# [The problem]
As the answer, set down the lines below from the one containing "promo code 7612b" through the one containing "країни - не", exactly and inclusively, and no others.

# [Material shown]

-.-.-

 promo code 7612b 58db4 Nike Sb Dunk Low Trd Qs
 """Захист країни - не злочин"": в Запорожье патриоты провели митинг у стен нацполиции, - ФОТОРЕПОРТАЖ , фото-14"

-.-.-

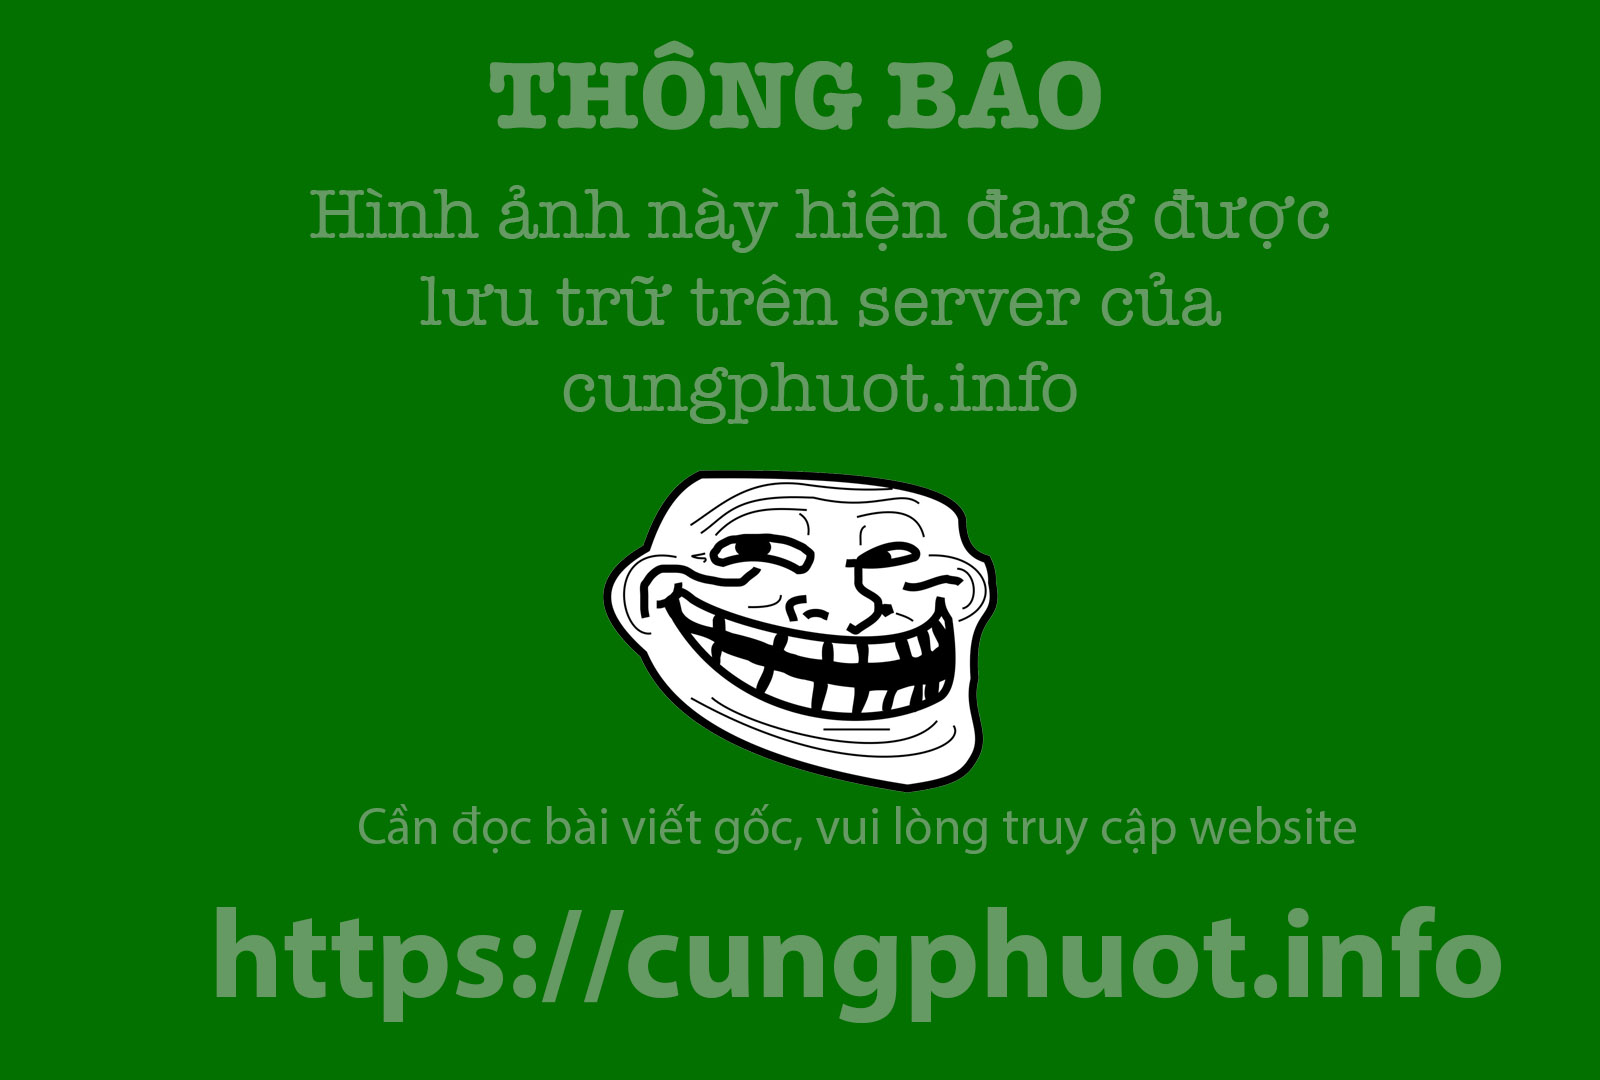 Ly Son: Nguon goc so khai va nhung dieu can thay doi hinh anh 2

-.-.-

# [Answer to the problem]
 promo code 7612b 58db4 Nike Sb Dunk Low Trd Qs
 """Захист країни - не злочин"": в Запорожье патриоты провели митинг у стен нацполиции, - ФОТОРЕПОРТАЖ , фото-14"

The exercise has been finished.